About this task:
Restate the listing exactly.

───

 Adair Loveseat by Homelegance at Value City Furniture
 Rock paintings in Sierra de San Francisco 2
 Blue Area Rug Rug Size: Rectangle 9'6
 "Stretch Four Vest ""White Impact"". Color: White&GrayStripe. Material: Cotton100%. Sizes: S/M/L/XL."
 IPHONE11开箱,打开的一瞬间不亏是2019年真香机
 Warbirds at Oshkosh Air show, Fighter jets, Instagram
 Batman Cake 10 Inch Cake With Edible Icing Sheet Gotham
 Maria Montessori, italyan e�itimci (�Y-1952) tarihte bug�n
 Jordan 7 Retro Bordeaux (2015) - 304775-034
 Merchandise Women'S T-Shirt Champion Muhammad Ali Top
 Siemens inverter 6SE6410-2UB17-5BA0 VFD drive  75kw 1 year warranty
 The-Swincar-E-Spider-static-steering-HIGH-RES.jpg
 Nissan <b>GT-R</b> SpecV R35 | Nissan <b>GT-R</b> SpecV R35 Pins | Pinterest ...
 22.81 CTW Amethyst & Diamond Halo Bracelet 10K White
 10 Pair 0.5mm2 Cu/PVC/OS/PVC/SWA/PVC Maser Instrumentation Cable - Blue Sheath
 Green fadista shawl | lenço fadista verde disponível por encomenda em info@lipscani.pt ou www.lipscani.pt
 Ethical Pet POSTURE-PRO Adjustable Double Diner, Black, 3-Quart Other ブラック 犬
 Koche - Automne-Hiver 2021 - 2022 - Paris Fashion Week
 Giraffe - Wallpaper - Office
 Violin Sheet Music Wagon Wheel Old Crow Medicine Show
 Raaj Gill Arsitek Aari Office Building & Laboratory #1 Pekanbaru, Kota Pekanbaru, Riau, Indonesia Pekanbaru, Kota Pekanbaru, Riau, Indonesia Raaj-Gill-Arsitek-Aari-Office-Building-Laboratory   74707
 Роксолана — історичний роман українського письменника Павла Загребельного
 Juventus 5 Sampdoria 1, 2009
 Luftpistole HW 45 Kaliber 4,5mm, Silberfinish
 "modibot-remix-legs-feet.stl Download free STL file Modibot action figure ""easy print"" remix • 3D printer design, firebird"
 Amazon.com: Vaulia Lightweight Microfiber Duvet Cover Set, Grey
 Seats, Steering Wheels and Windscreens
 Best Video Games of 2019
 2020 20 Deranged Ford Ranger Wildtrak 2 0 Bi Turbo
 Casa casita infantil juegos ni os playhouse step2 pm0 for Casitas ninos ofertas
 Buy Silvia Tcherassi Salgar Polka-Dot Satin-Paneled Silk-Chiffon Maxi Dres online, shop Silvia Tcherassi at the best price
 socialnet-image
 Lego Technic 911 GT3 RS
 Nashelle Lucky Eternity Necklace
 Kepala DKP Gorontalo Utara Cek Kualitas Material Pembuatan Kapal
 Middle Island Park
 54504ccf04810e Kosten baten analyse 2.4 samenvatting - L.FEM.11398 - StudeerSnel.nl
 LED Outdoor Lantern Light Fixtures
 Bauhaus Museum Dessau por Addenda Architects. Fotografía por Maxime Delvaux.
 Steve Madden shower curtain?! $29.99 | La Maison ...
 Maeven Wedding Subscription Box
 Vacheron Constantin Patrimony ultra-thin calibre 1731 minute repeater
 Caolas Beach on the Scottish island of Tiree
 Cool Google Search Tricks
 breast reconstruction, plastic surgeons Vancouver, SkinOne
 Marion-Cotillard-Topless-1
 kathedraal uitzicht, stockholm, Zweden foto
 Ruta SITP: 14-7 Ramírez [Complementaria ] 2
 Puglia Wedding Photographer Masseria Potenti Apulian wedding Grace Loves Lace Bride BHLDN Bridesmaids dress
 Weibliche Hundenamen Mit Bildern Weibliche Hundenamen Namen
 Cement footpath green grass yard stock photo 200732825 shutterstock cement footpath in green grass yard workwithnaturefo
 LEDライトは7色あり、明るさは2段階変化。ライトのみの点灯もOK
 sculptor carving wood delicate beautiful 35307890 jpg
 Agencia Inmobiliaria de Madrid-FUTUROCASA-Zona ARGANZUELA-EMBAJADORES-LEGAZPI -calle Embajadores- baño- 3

───

Result below:
 Adair Loveseat by Homelegance at Value City Furniture
 Rock paintings in Sierra de San Francisco 2
 Blue Area Rug Rug Size: Rectangle 9'6
 "Stretch Four Vest ""White Impact"". Color: White&GrayStripe. Material: Cotton100%. Sizes: S/M/L/XL."
 IPHONE11开箱,打开的一瞬间不亏是2019年真香机
 Warbirds at Oshkosh Air show, Fighter jets, Instagram
 Batman Cake 10 Inch Cake With Edible Icing Sheet Gotham
 Maria Montessori, italyan e�itimci (�Y-1952) tarihte bug�n
 Jordan 7 Retro Bordeaux (2015) - 304775-034
 Merchandise Women'S T-Shirt Champion Muhammad Ali Top
 Siemens inverter 6SE6410-2UB17-5BA0 VFD drive  75kw 1 year warranty
 The-Swincar-E-Spider-static-steering-HIGH-RES.jpg
 Nissan <b>GT-R</b> SpecV R35 | Nissan <b>GT-R</b> SpecV R35 Pins | Pinterest ...
 22.81 CTW Amethyst & Diamond Halo Bracelet 10K White
 10 Pair 0.5mm2 Cu/PVC/OS/PVC/SWA/PVC Maser Instrumentation Cable - Blue Sheath
 Green fadista shawl | lenço fadista verde disponível por encomenda em info@lipscani.pt ou www.lipscani.pt
 Ethical Pet POSTURE-PRO Adjustable Double Diner, Black, 3-Quart Other ブラック 犬
 Koche - Automne-Hiver 2021 - 2022 - Paris Fashion Week
 Giraffe - Wallpaper - Office
 Violin Sheet Music Wagon Wheel Old Crow Medicine Show
 Raaj Gill Arsitek Aari Office Building & Laboratory #1 Pekanbaru, Kota Pekanbaru, Riau, Indonesia Pekanbaru, Kota Pekanbaru, Riau, Indonesia Raaj-Gill-Arsitek-Aari-Office-Building-Laboratory   74707
 Роксолана — історичний роман українського письменника Павла Загребельного
 Juventus 5 Sampdoria 1, 2009
 Luftpistole HW 45 Kaliber 4,5mm, Silberfinish
 "modibot-remix-legs-feet.stl Download free STL file Modibot action figure ""easy print"" remix • 3D printer design, firebird"
 Amazon.com: Vaulia Lightweight Microfiber Duvet Cover Set, Grey
 Seats, Steering Wheels and Windscreens
 Best Video Games of 2019
 2020 20 Deranged Ford Ranger Wildtrak 2 0 Bi Turbo
 Casa casita infantil juegos ni os playhouse step2 pm0 for Casitas ninos ofertas
 Buy Silvia Tcherassi Salgar Polka-Dot Satin-Paneled Silk-Chiffon Maxi Dres online, shop Silvia Tcherassi at the best price
 socialnet-image
 Lego Technic 911 GT3 RS
 Nashelle Lucky Eternity Necklace
 Kepala DKP Gorontalo Utara Cek Kualitas Material Pembuatan Kapal
 Middle Island Park
 54504ccf04810e Kosten baten analyse 2.4 samenvatting - L.FEM.11398 - StudeerSnel.nl
 LED Outdoor Lantern Light Fixtures
 Bauhaus Museum Dessau por Addenda Architects. Fotografía por Maxime Delvaux.
 Steve Madden shower curtain?! $29.99 | La Maison ...
 Maeven Wedding Subscription Box
 Vacheron Constantin Patrimony ultra-thin calibre 1731 minute repeater
 Caolas Beach on the Scottish island of Tiree
 Cool Google Search Tricks
 breast reconstruction, plastic surgeons Vancouver, SkinOne
 Marion-Cotillard-Topless-1
 kathedraal uitzicht, stockholm, Zweden foto
 Ruta SITP: 14-7 Ramírez [Complementaria ] 2
 Puglia Wedding Photographer Masseria Potenti Apulian wedding Grace Loves Lace Bride BHLDN Bridesmaids dress
 Weibliche Hundenamen Mit Bildern Weibliche Hundenamen Namen
 Cement footpath green grass yard stock photo 200732825 shutterstock cement footpath in green grass yard workwithnaturefo
 LEDライトは7色あり、明るさは2段階変化。ライトのみの点灯もOK
 sculptor carving wood delicate beautiful 35307890 jpg
 Agencia Inmobiliaria de Madrid-FUTUROCASA-Zona ARGANZUELA-EMBAJADORES-LEGAZPI -calle Embajadores- baño- 3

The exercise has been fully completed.